Впрочем, — добавил он, — иногда и мне это только кажется, особенно если мы с Игорем на пару посидим… Но погодите, — он нахмурился. — Ведь Игорь в деревню укатил, уже несколько дней назад…
— А мы с ним и говорили несколько дней назад, — сказал Лешка. — Просто до сих пор не могли выбраться.
— Ясненько! — кивнул Цвиндлер. Он быстро спустился со стремянки, оказавшись на удивление проворным. — Что ж, смотрите…
Он и сам внимательно смотрел на свою работу, искал недоделки или то, что, по его мнению нужно исправить.
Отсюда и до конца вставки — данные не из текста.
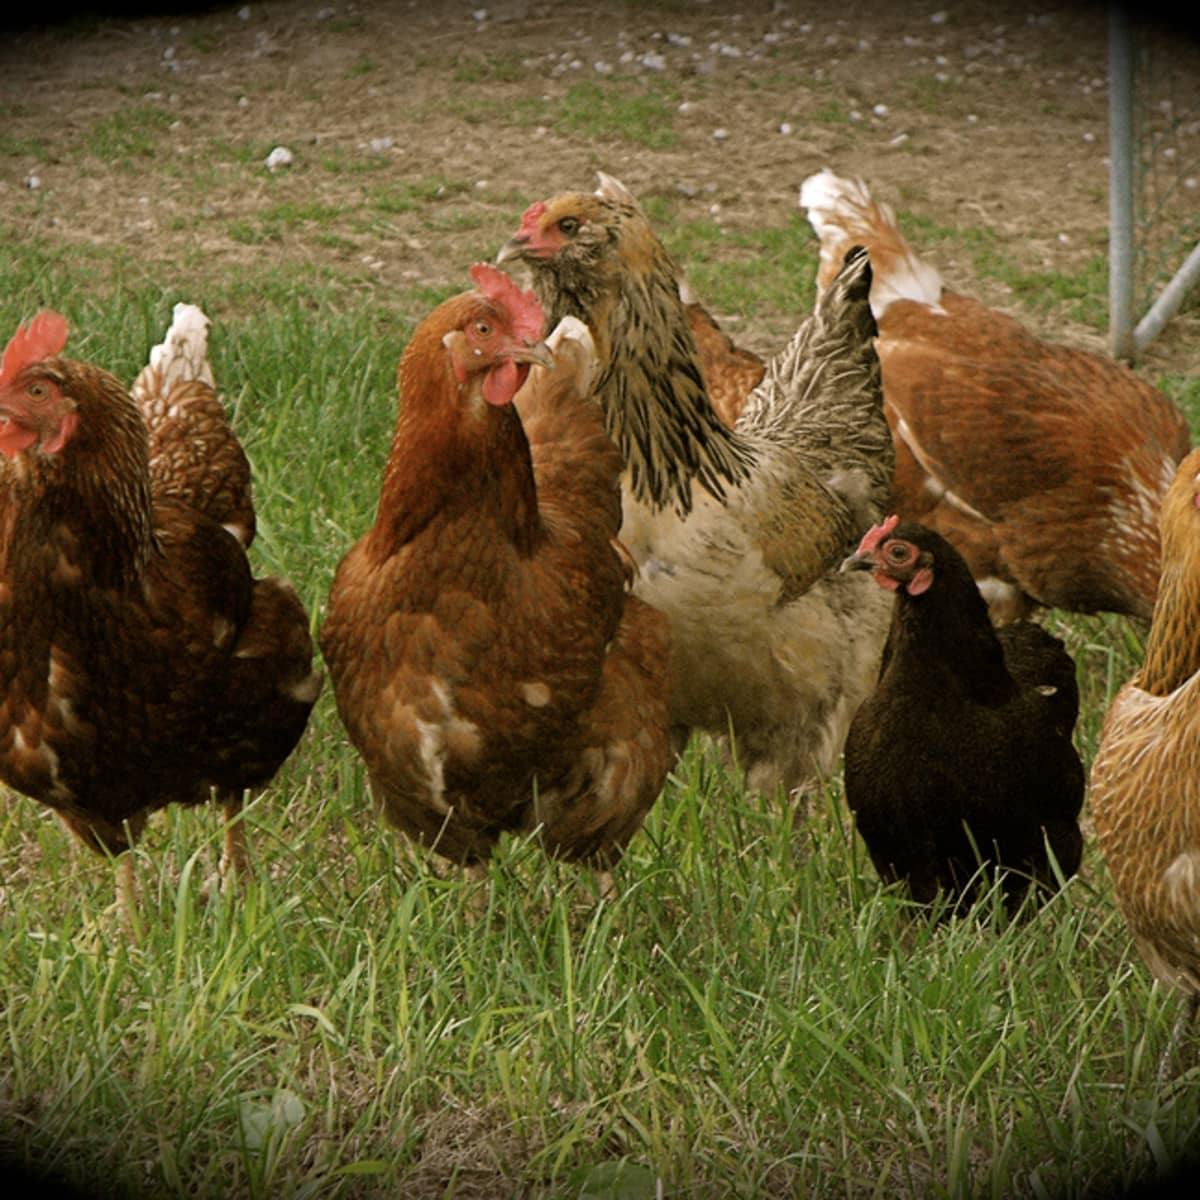 Free Range vs. Chicken Run: Which is Best for Homesteading?

— Здорово у вас получилось! — восхищенно сказал Илюха. — Особенно вон то… — он указал на старика на фоне подъезда с велосипедами.
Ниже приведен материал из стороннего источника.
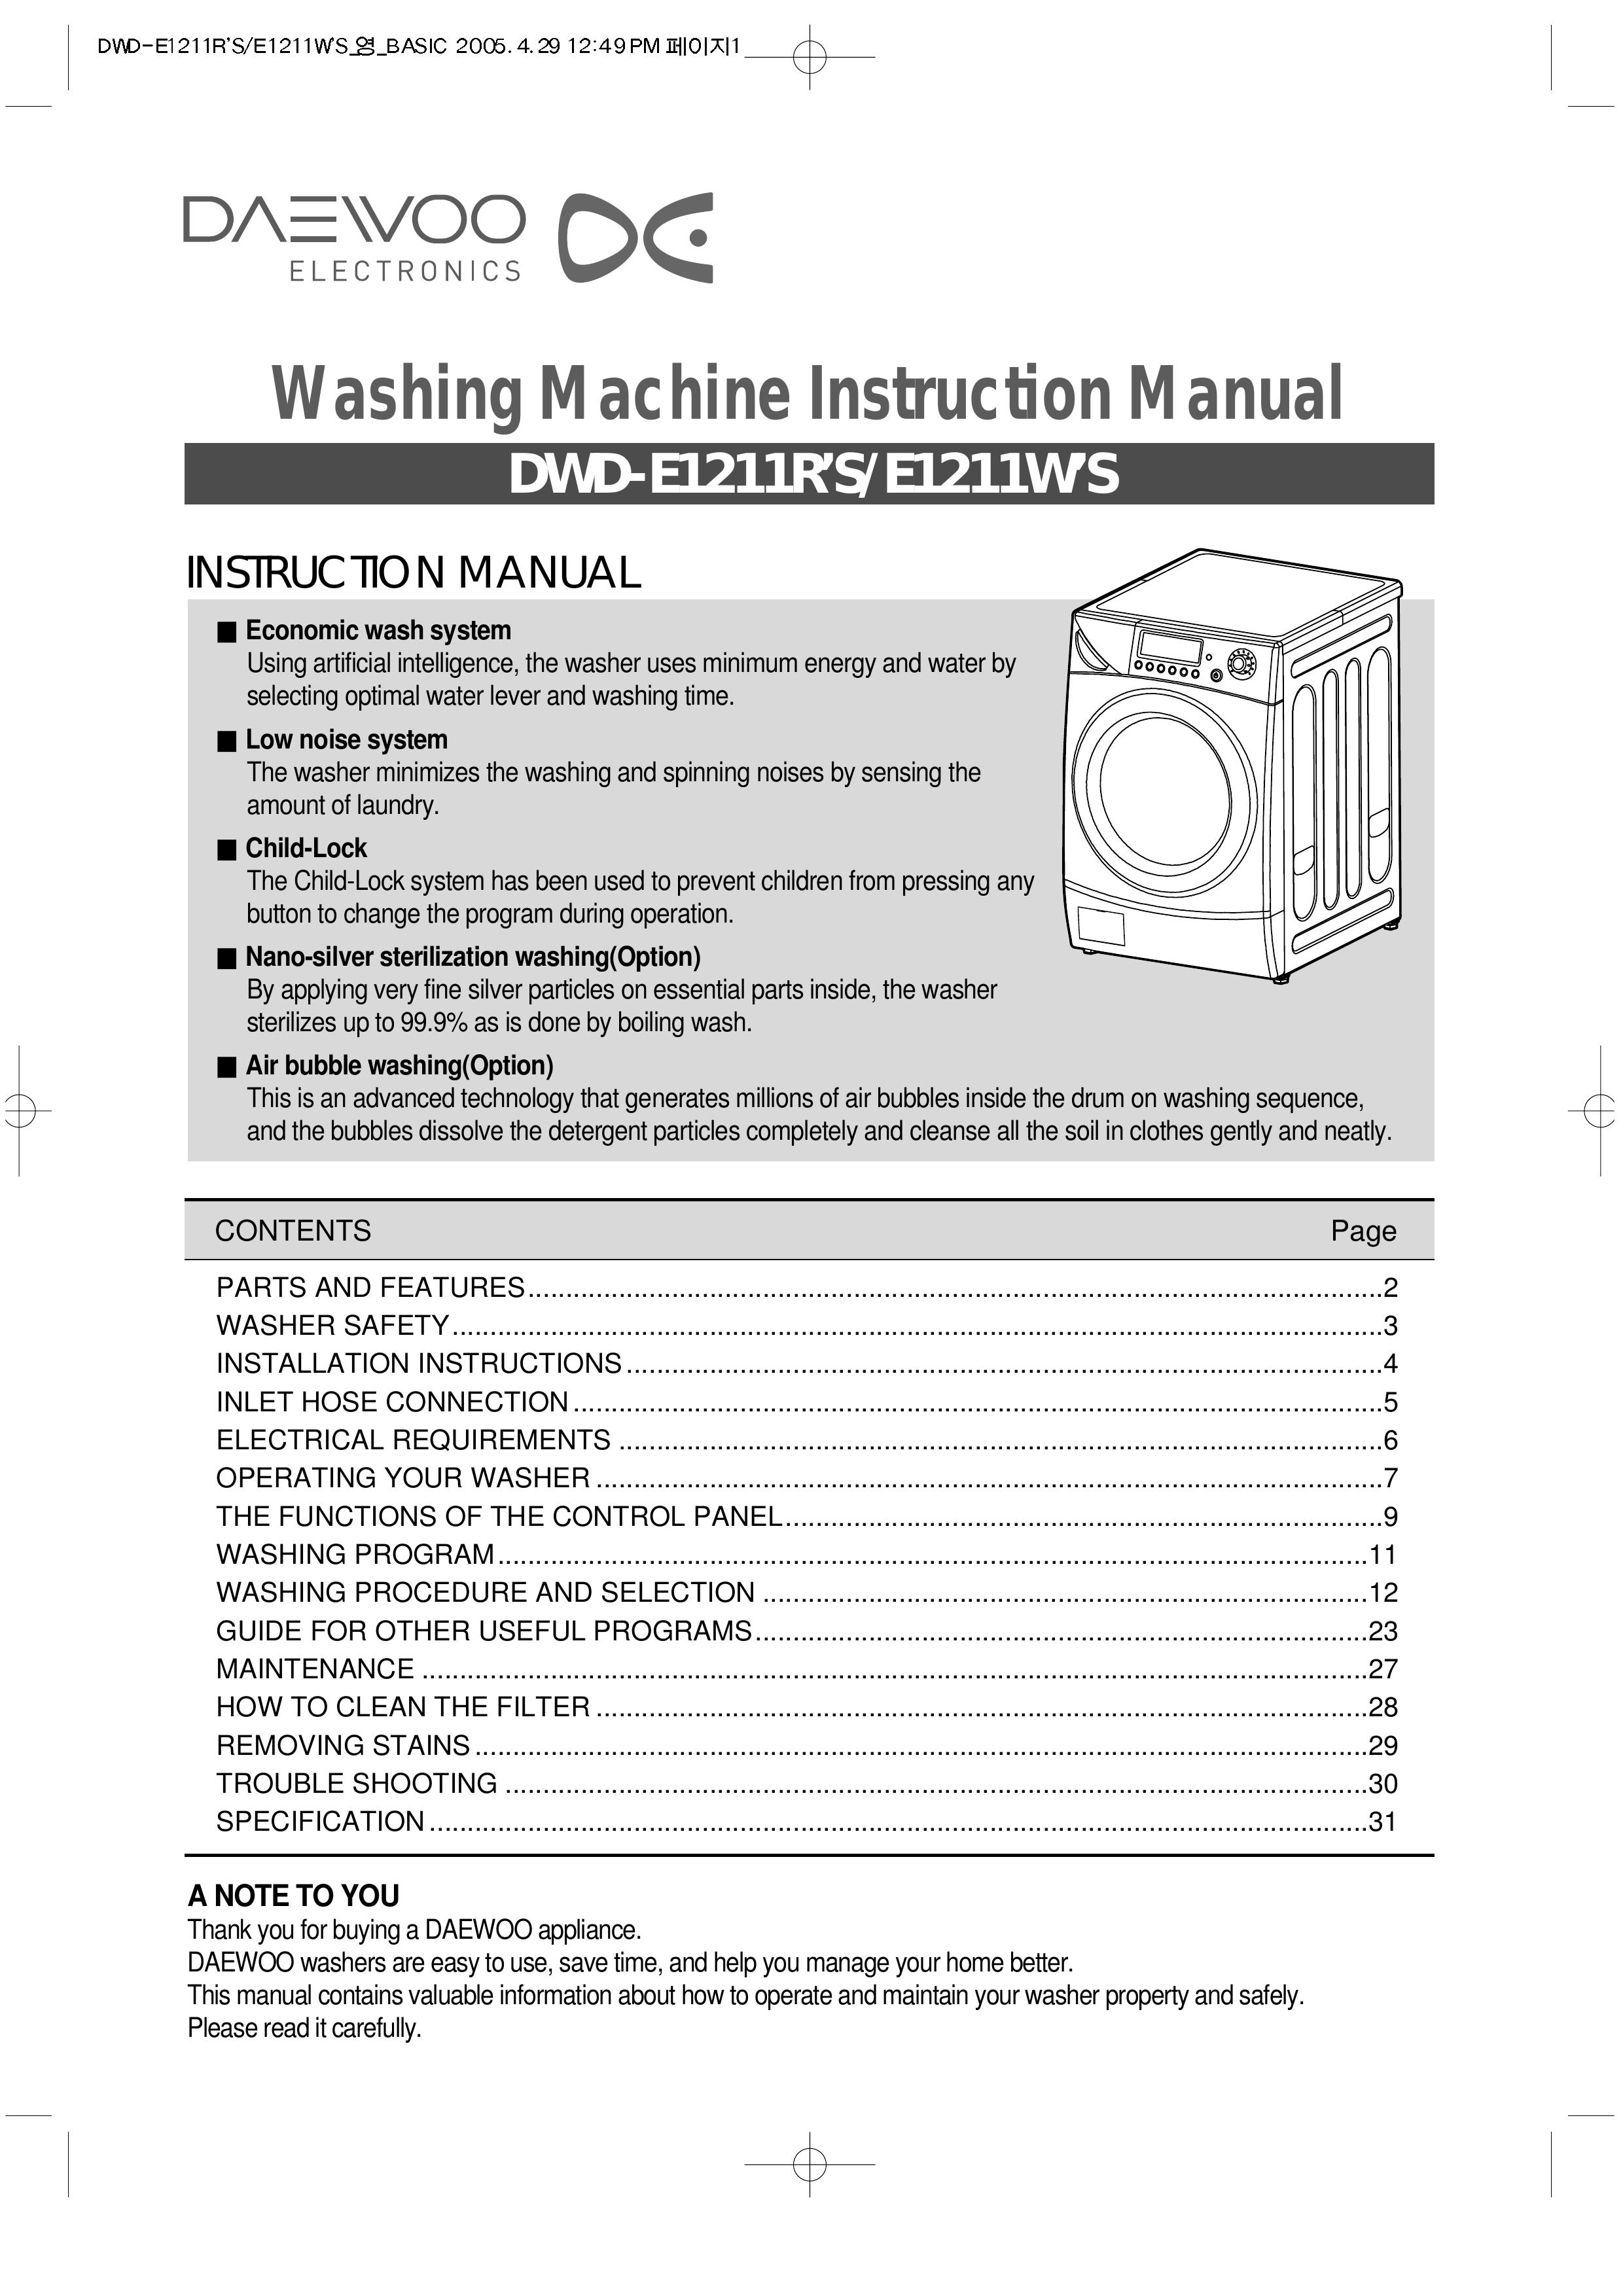 Daewoo DWD-E1211W'S Washer User Manual

— Это да, — кивнул Цвиндлер. — Надо было внести кусочек будничной жизни, это сразу и воздух сделало другим, и ощущение настоящей Италии появилось. А сколько я с заказчиками бился, что не надо делать точно по фотографиям, примитивно их увеличивая, что это и скучно, и результата не даст. У фотографии и живописи свои законы, и даже перспектива в фотоснимке и в картине — совсем разная, если поглядеть. Долго убеждал… и вот! Как говорится, старый конь борозды не испортит.
И он опять с удовольствием огляделся вокруг.
— Но сегодня вы уже не увидите, как я работаю, — сообщил он. — На сегодня хватит. Если получится, приходите завтра пораньше. Я закончу вот эту фреску и доведу до ума вон ту, на дальней стене. И, собственно, основная работа будет закончена. Еще два-три дня на поправки и на отделку мелочей — и принимайте работу, дорогие господа хозяева!
— Дураки будут, если не примут, — сказал Жорик.
— Я тоже так считаю, — серьёзно ответил Цвиндлер. — Да, по-моему, и они тоже так считают! — рассмеялся он.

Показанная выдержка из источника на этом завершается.